• _Exercise_
Copy exactly the lines of the material below that fall between the line with "DCS CMOH30SS manual" and the line with "Corel PaintShop Pro", both of those lines included; pictures stay out.

• _Listed records_
# # #

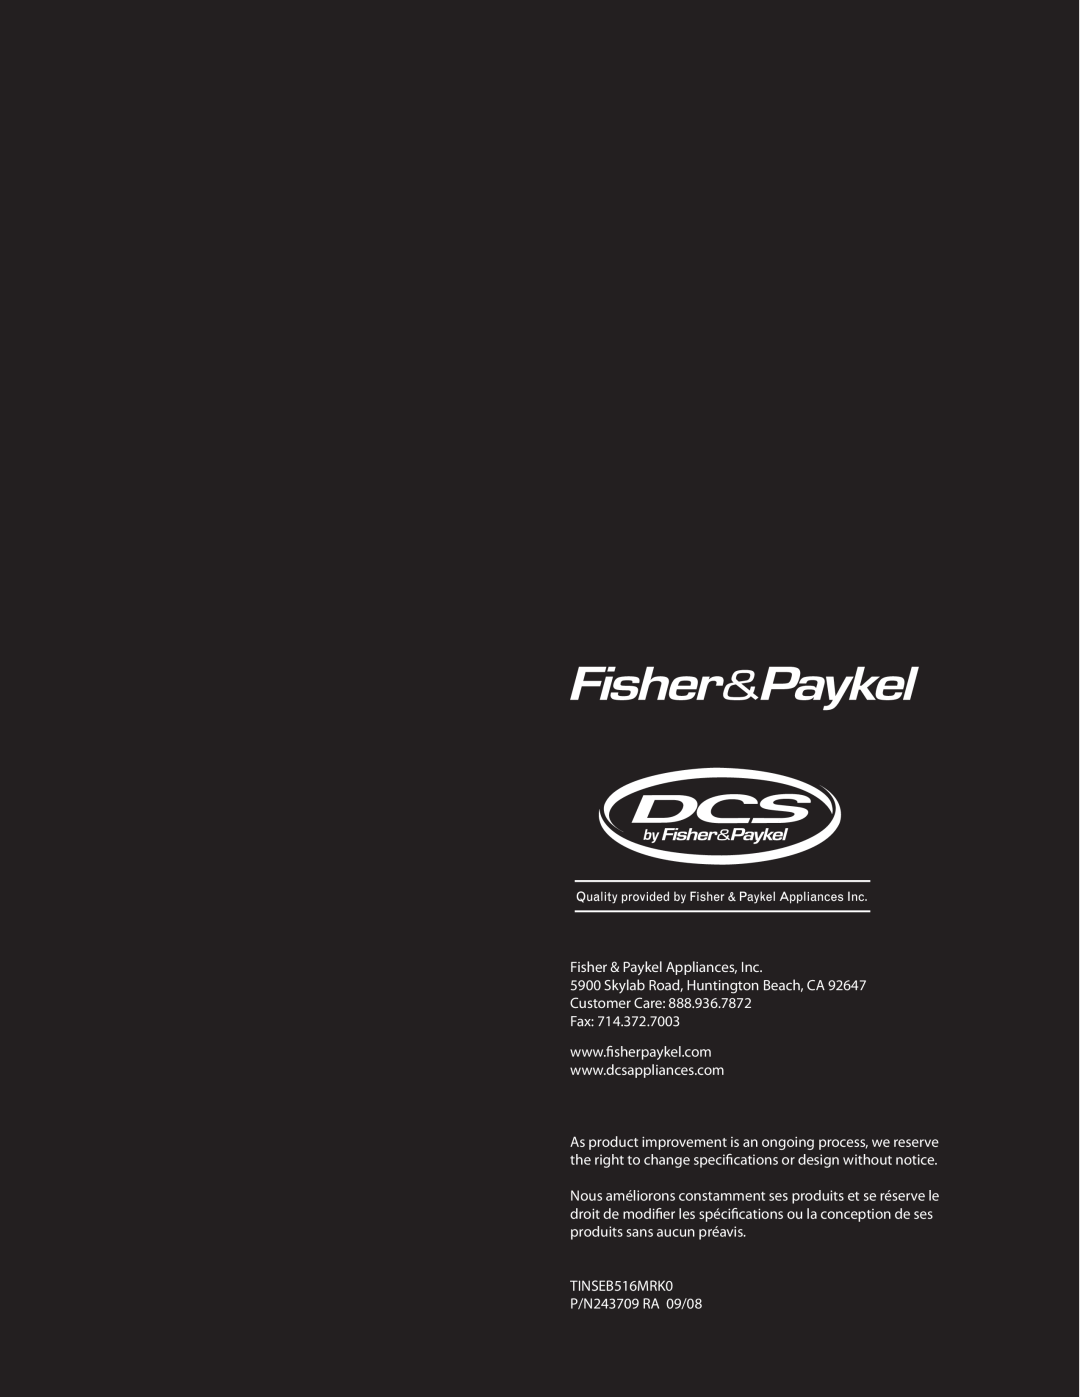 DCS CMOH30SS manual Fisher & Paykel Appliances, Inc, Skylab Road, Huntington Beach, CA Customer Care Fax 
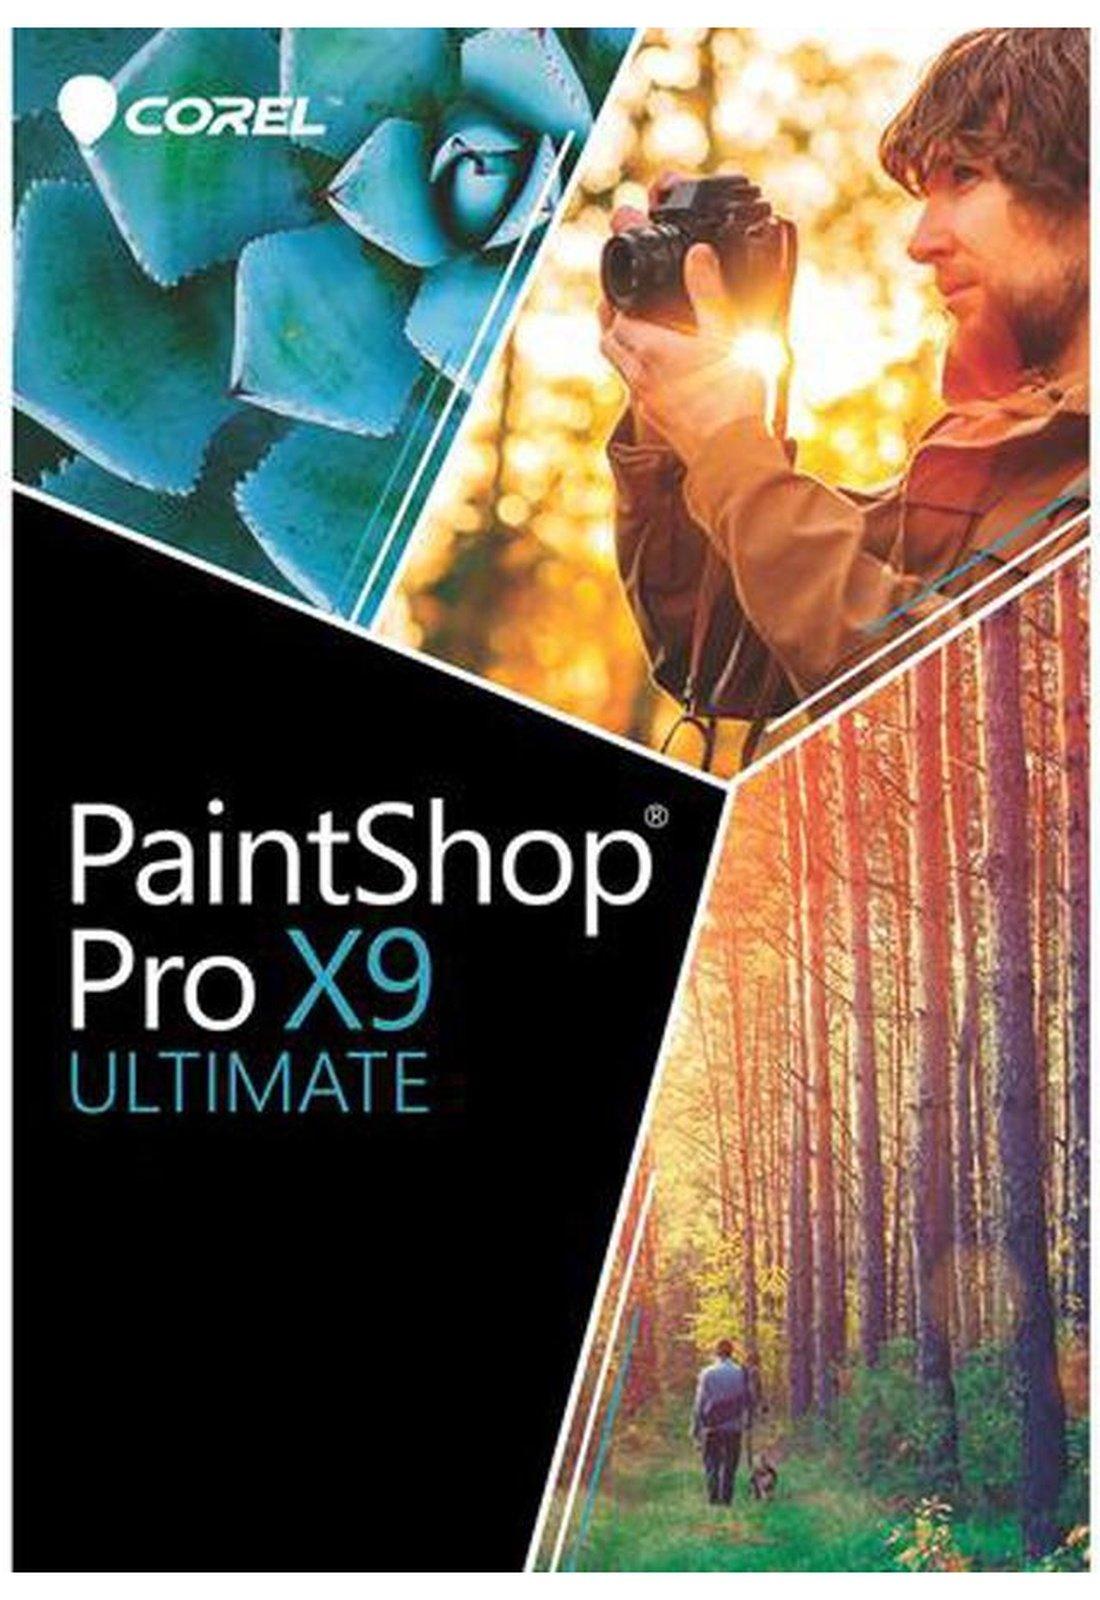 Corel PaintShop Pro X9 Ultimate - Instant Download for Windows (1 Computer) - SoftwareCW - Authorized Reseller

# # #

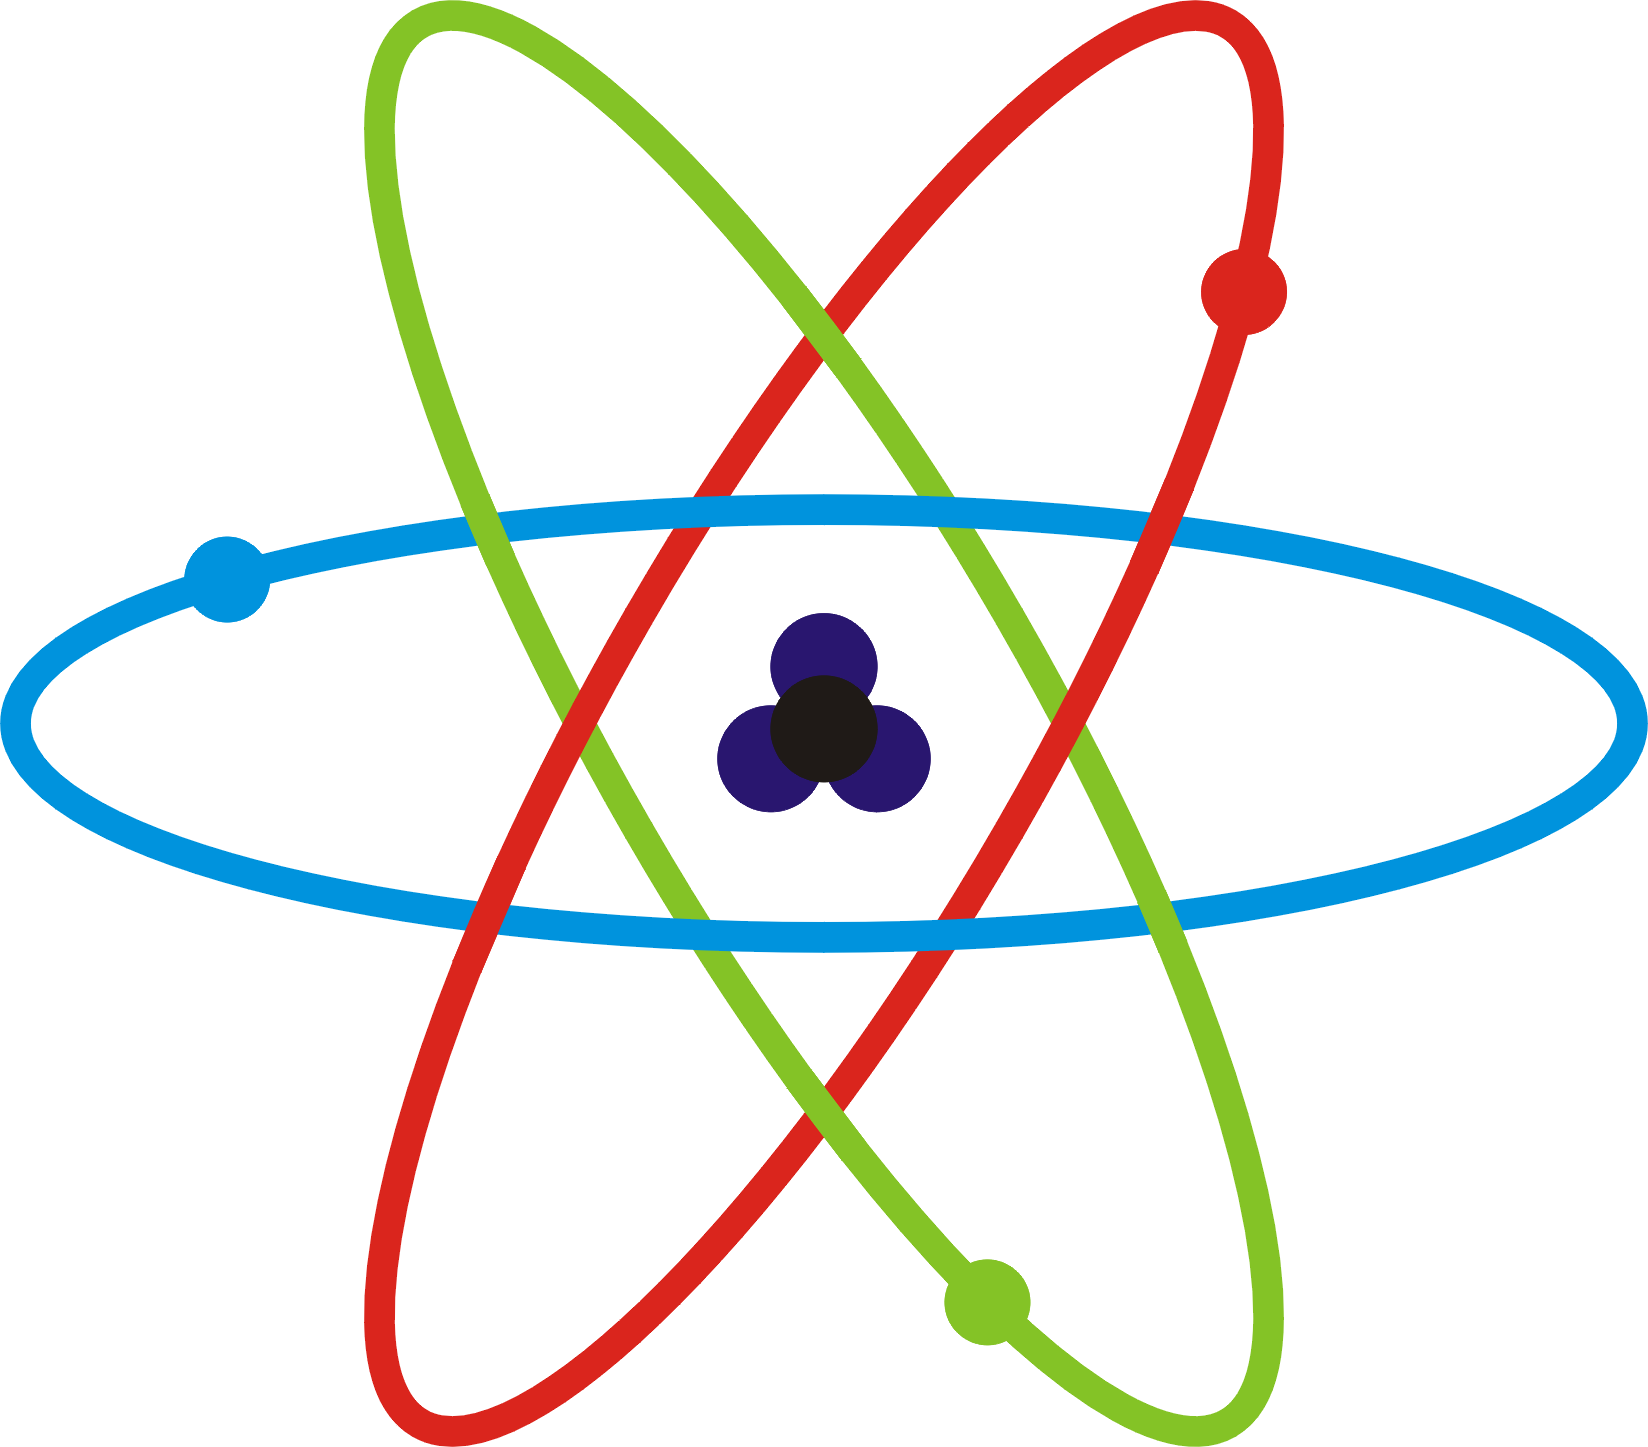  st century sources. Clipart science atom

# # #

• _Solution for this task_
 DCS CMOH30SS manual Fisher & Paykel Appliances, Inc, Skylab Road, Huntington Beach, CA Customer Care Fax 
 Corel PaintShop Pro X9 Ultimate - Instant Download for Windows (1 Computer) - SoftwareCW - Authorized Reseller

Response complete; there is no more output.